The client program (to be implemented as program client.C is to fork off a process, which is
supposed to load the data server program (the source code is provided in file dataserver.C. The
client then issues requests to the server through what we will be calling request channels. Request
channels are a simple inter-process communication mechanism, and they are provided by the C++
class RequestChannel. Request channels provide the following interface:
RequestChannel(const string _name, const Side _side);
/* Creates a “local copy” of the channel specified by the given name.

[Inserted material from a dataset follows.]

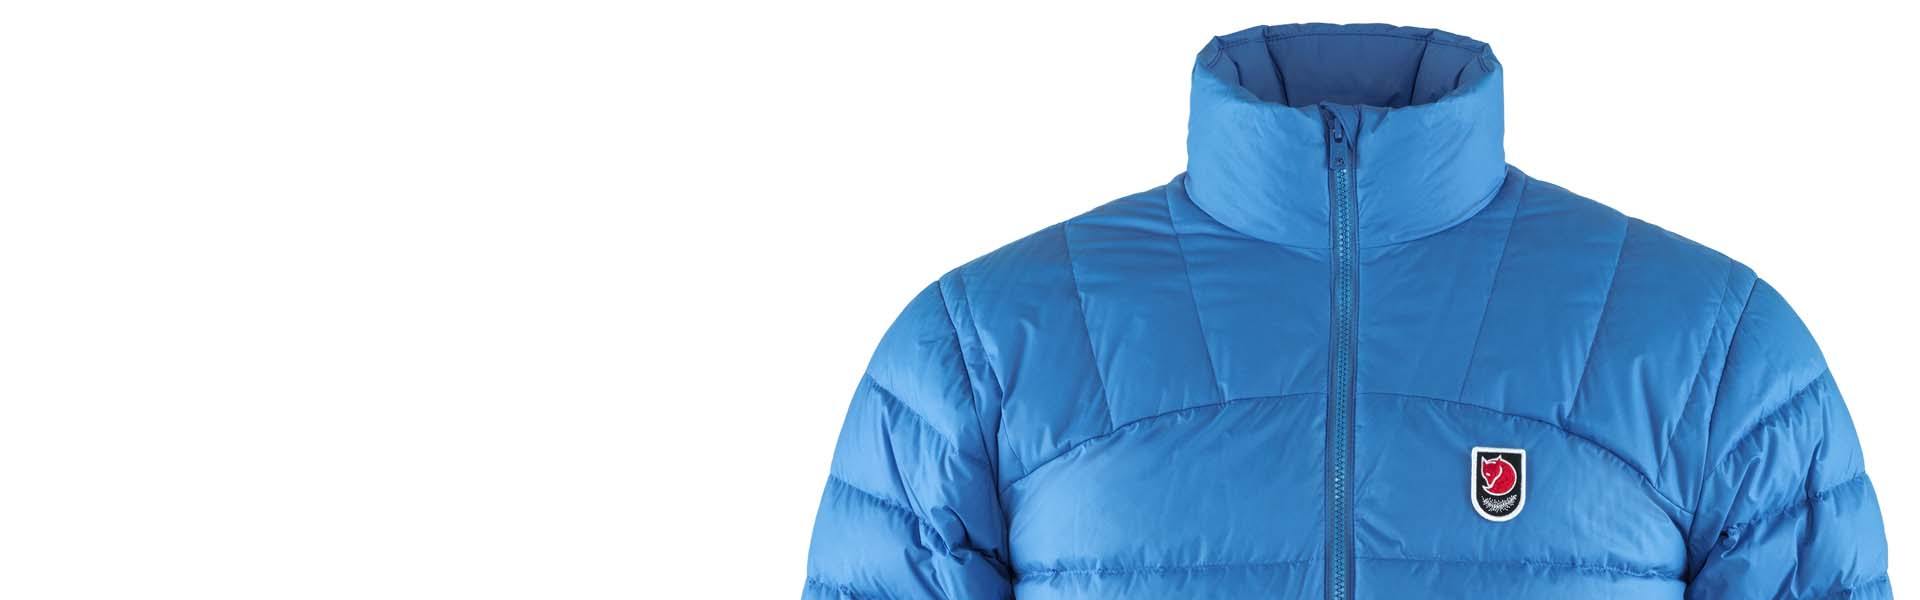 Kisorsoltuk a Fjällräven Expedition Pack Down kabátot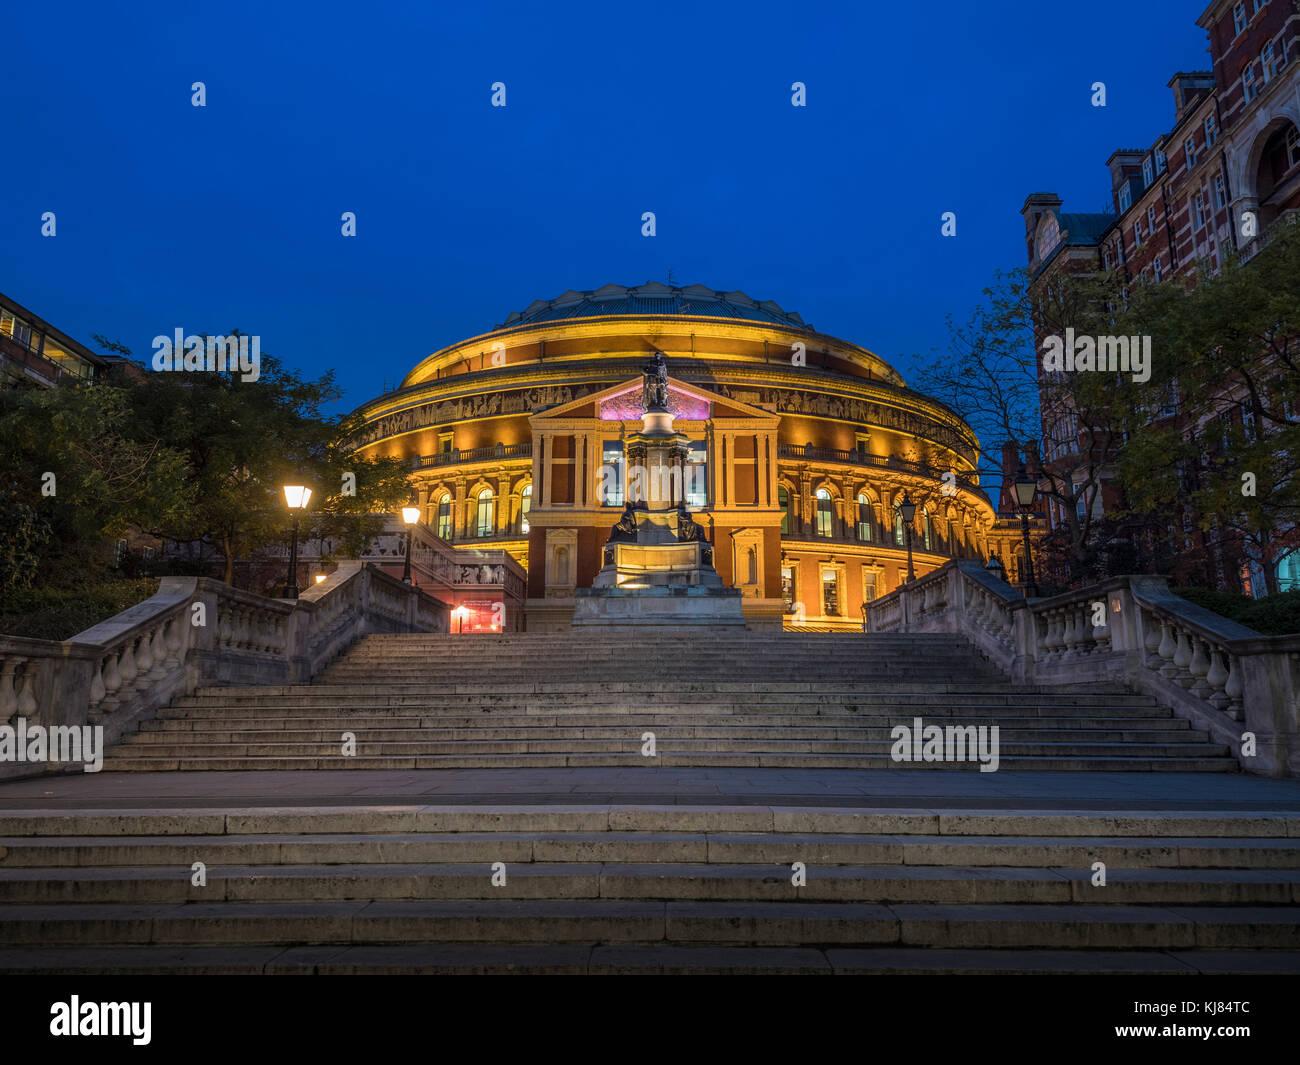 Queen Elizabeth II Diamond Jubilee Steps, Royal Albert Hall, London, UK at dusk - Stock Image

If the channel does not exist, the associated IPC mechanisms are
created. If the channel already exists, this object is associated
with the channel. The channel has two ends, conveniently called
“SERVER_SIDE” and “CLIENT_SIDE”. If two processes connect through
a channel, one has to connect on the server side and the other on
the client side. Otherwise the results are unpredictable. */
~RequestChannel();
/* Destructor of the local copy of the channel.
By default, the Server Side deletes any IPC mechanisms associated
with the channel. */
string send_request(string _request);
/* Send a string over the channel and wait for a reply. This function
returns the reply to the caller. */
string cread();
/* Blocking read of data from the channel. Returns a string of characters
read from the channel. Returns NULL if read failed.
THIS FUNCTION IS LOW-LEVEL AND IS TYPICALLY NOT USED BY THE CLIENT. */
int cwrite(string msg);
/* Write the data to the channel. The function returns the number of
characters written to the channel.
THIS FUNCTION IS LOW-LEVEL AND IS TYPICALLY NOT USED BY THE CLIENT. */
You will be given a basic framework code, which you will be extending in a series of machine
problem. This framework consists of the following files:
simpleclient.C: This file contains a simplified but runnable form of the client. You will be using
this file and add functionality to it in this and subsequent machine problems.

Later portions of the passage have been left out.